Task brief:
Print every line of the listing below, starting with the line that holds "Mabis Spectrum Nurse" and going on through the line that holds "modèle de logo", both included, and print nothing else.

Input data:
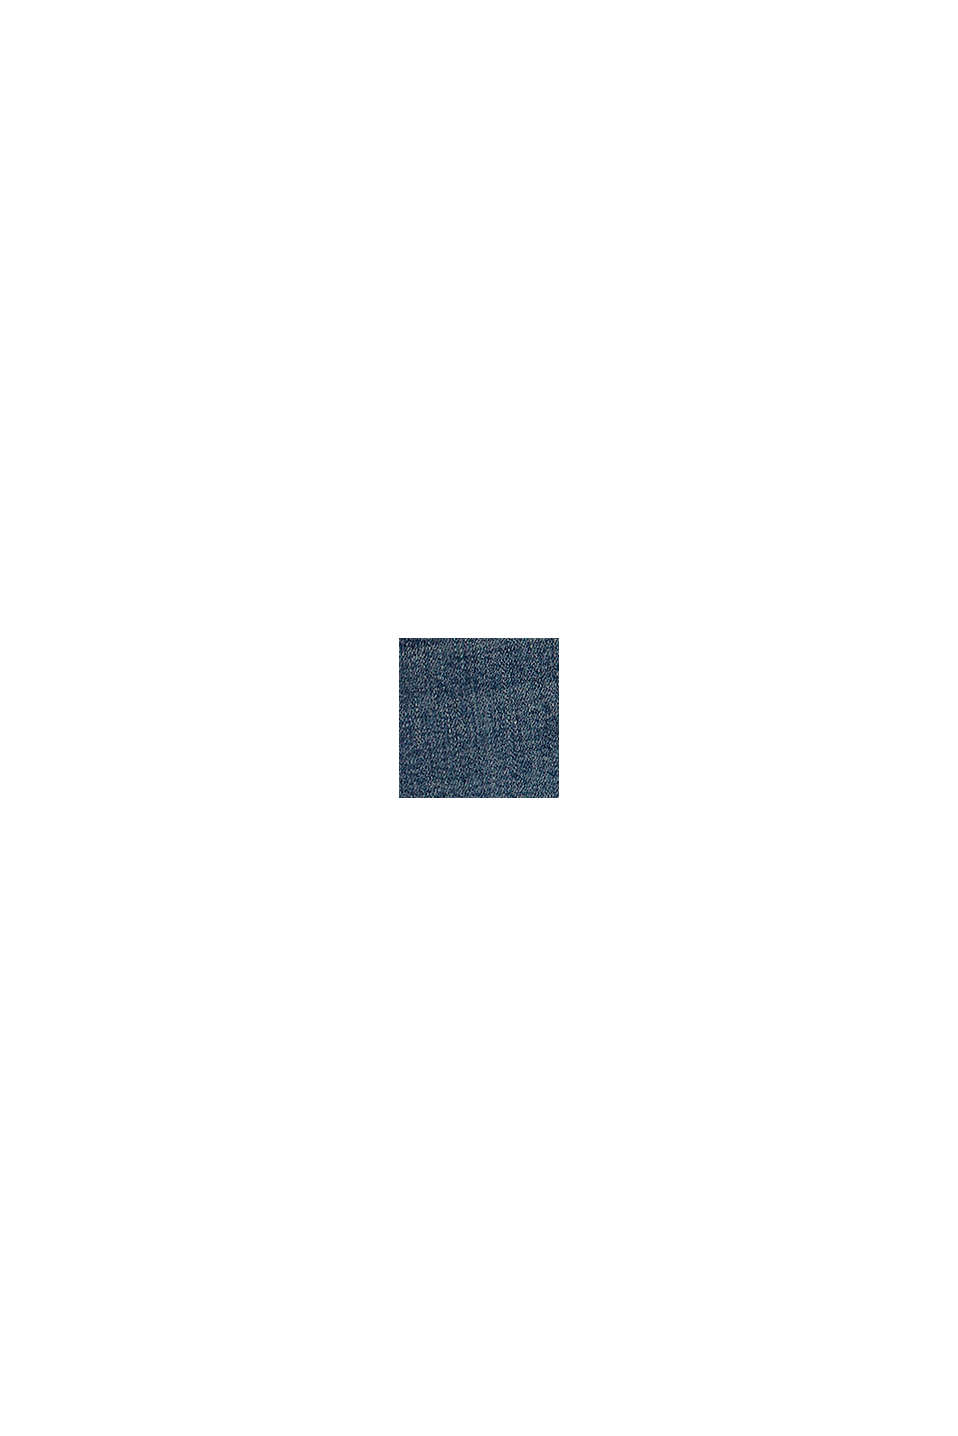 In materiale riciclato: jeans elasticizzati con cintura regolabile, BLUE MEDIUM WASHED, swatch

---

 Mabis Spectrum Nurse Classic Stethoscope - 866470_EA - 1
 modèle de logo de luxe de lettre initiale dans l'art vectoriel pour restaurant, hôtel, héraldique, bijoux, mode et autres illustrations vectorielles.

Solution to this problem:
 Mabis Spectrum Nurse Classic Stethoscope - 866470_EA - 1
 modèle de logo de luxe de lettre initiale dans l'art vectoriel pour restaurant, hôtel, héraldique, bijoux, mode et autres illustrations vectorielles.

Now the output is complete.